Whether the demand for service tax based on the income reflected in Form 26AS and Income Tax Returns is legally sustainable without corroborative evidence linking the income to taxable services? - HELD THAT:- The Ld. adjudicating authority has construed all the receipts during the period as amount received in connection with taxable supplies during the said period. However, it is observed that the Learned Adjudicating Authority failed to appreciate that such amounts reflect merely the payment received during the period. It cannot be construed as outward supplies since such amount could have been received in lieu of contracts which were entered into prior to 01.03.2015 against which payments were released as and when portion of the works under contract was being completed. The Department cannot straightaway take in account the amount shown in the ITR for the purpose of demanding Service Tax, without verifying the nature of such amount received, as to arrive at a conclusion whether service tax is payable on the said amount or not. In support of this view, reliance placed upon the decision of this Tribunal, in the case of M/s Piyush Sharma vs. Commissioner of CGST & CX, Patna – I [2023 (10) TMI 736 - CESTAT KOLKATA], wherein it has been held 'Admittedly, no investigation has been conducted in this case at the end of the Appellant by the Adjudicating Authority. Being the appellant a registered service provider and filing their service tax returns, in that circumstance, the demand cannot be raised on the basis of Form 26AS obtained from the Income Tax Department.'
Whether the computation of service tax liability was correctly assessed for the period in question? - HELD THAT:- For the purpose of computation of their service tax liability for the financial year 2017-18 (till June, 2017), the Learned Adjudicating Authority has taken the entire amount received by the Appellant during the period April 2017 to March 2018, as per 26AS as the taxable value, whereas, service tax was leviable only for the 1st quarter of the FY 2017-18 i.e. from April, 2017 to June 2017. Thus, the submission of the appellant is agreed upon that the computation of taxable value for the Financial Year 2017-18 is erroneous.

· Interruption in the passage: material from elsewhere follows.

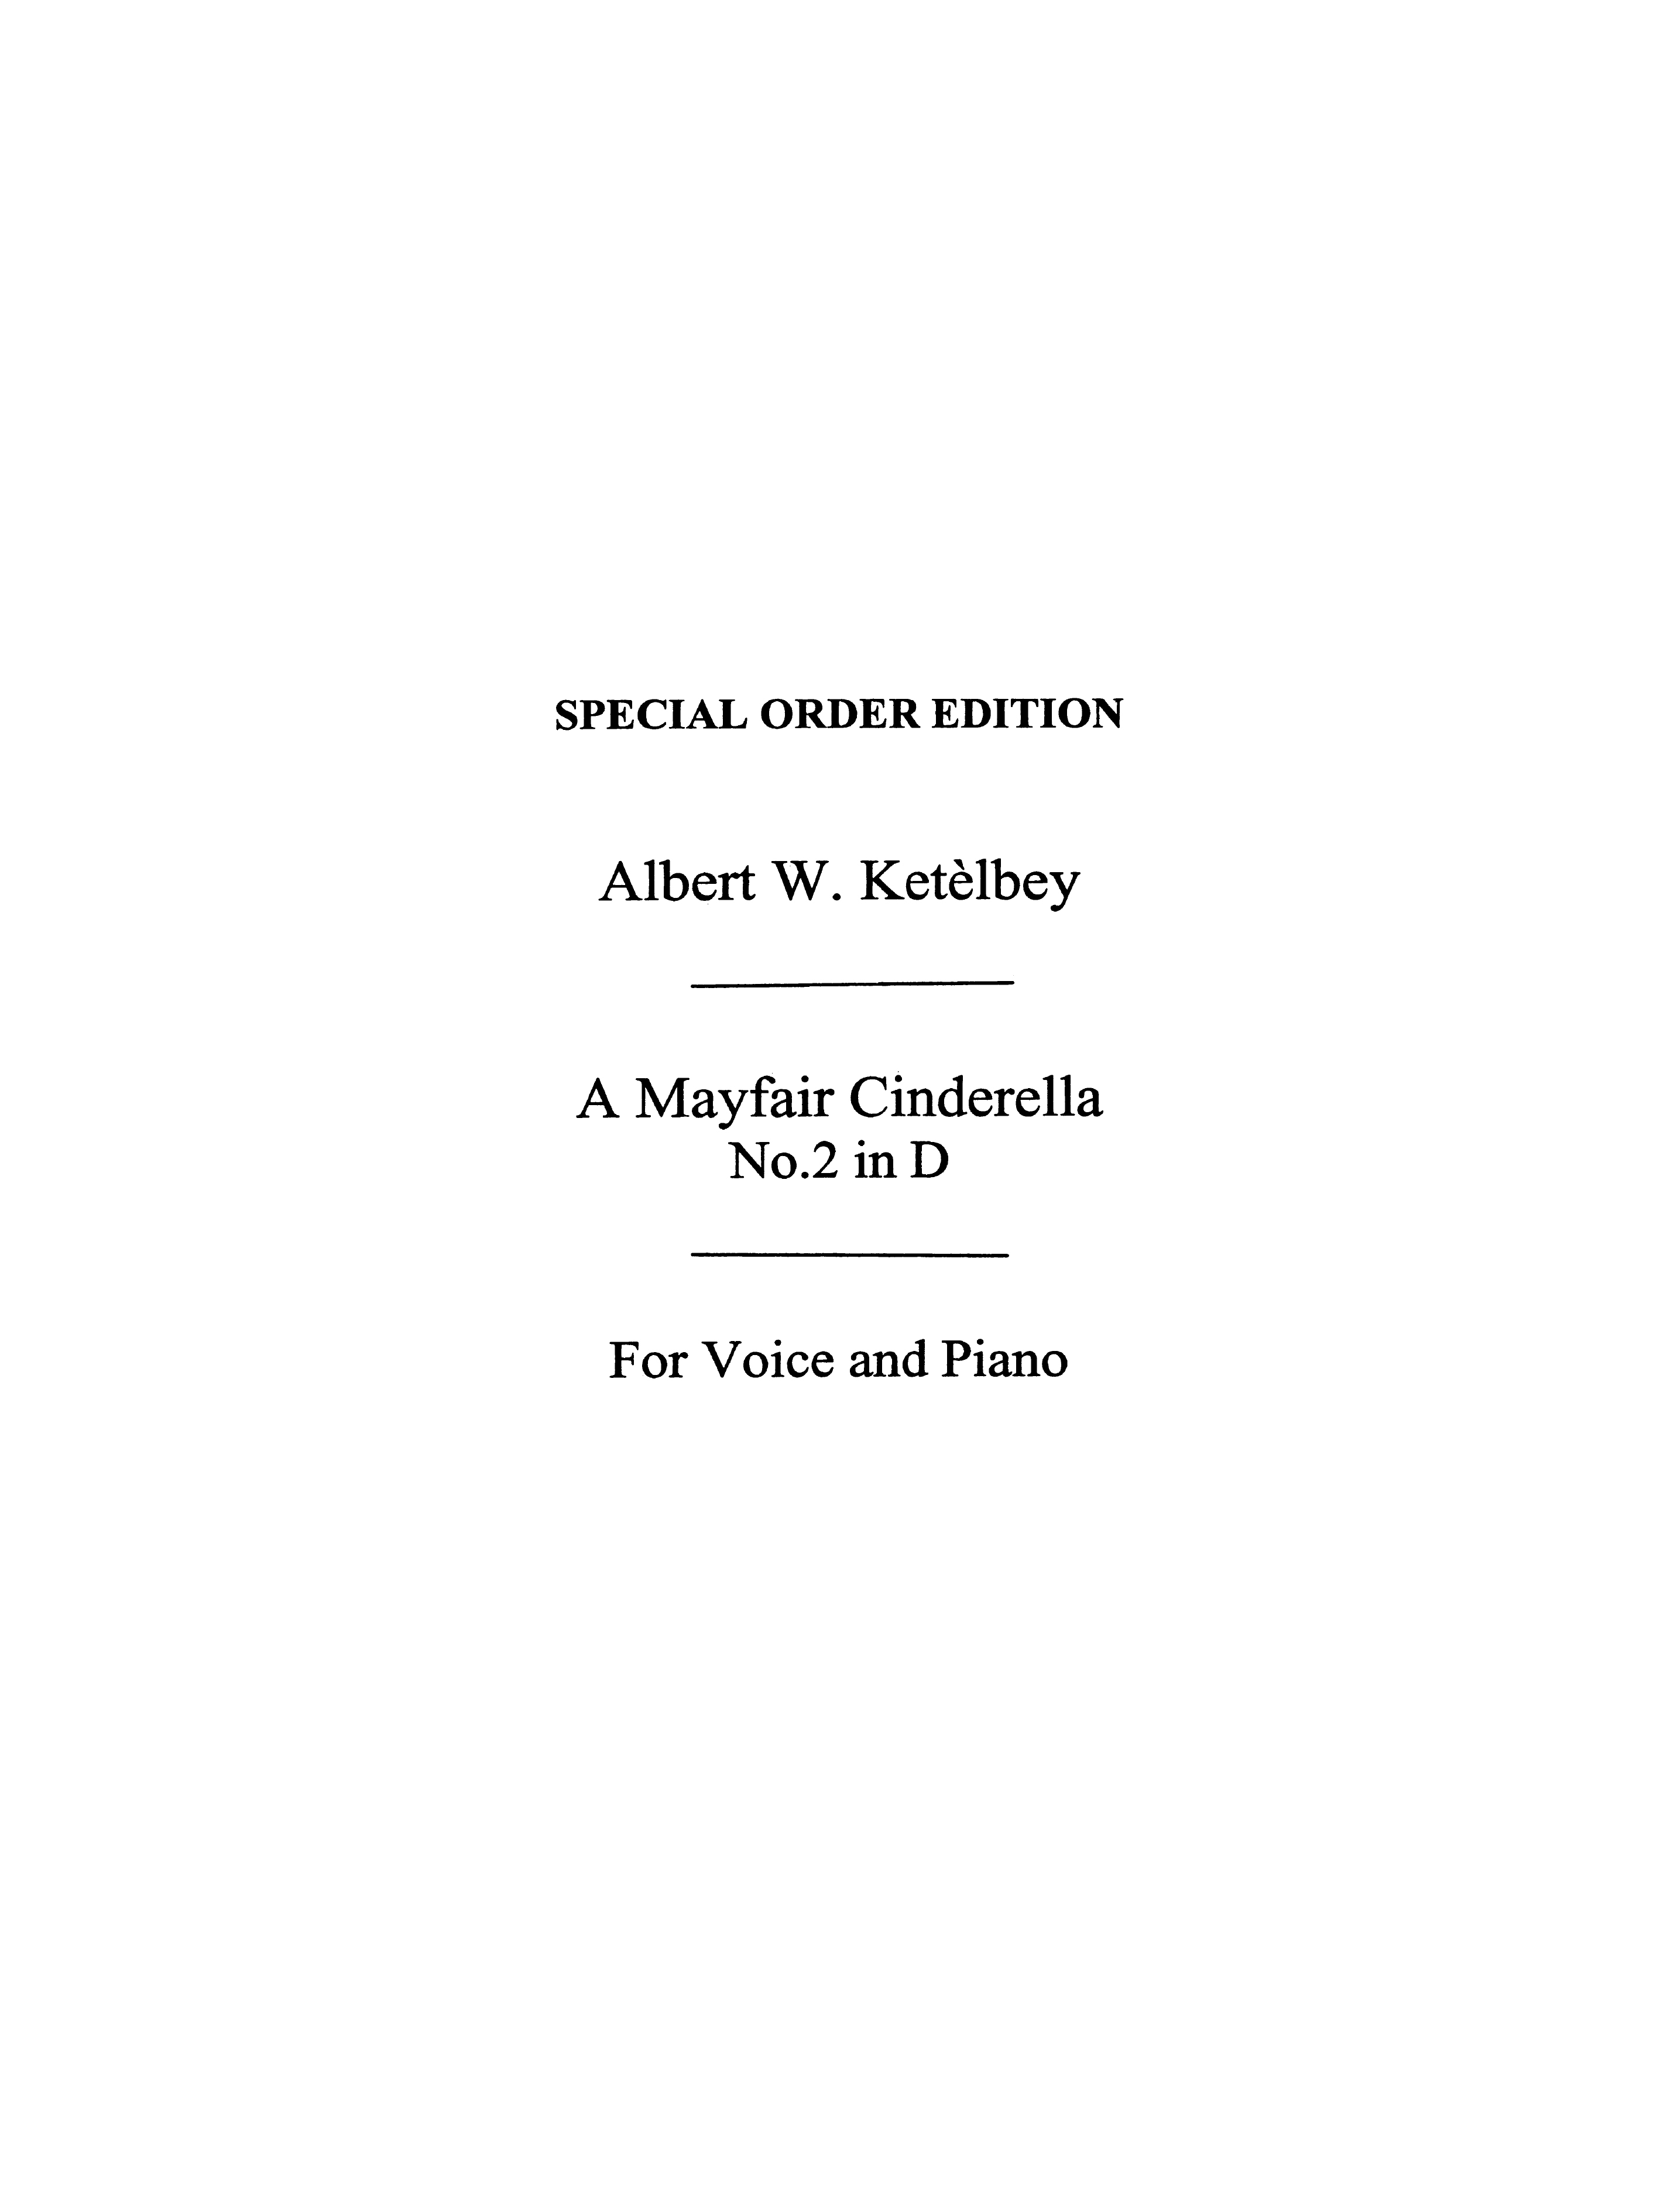 Albert Ketlbey: Mayfair Cinderella: Voice: Single Sheet

Whether the invocation of the extended period of limitation for demanding service tax is justified? - HELD THAT:- The Show Cause Notice was issued on the basis of materials available on record, ie, from the returns furnished by the appellant and not on account of any discovery of new facts by the department. Hence, the entire demand confirmed by invoking extended period of limitation is not sustainable.
Conclusion - i) The appellant has received the consideration for the contracts entered prior to 15.03.2015, the benefit of exemption cannot be denied. ii) The demands cannot be confirmed solely on data from Income Tax Returns/26AS without establishing that the amounts relate to taxable services. iii) There are errors in the computation of service tax liability, as the adjudicating authority considered the entire amount received during April 2017 to March 2018 as taxable, whereas service tax was applicable only for April to June 2017. iv) The entire demand confirmed by invoking extended period of limitation is not sustainable.
Appeal allowed.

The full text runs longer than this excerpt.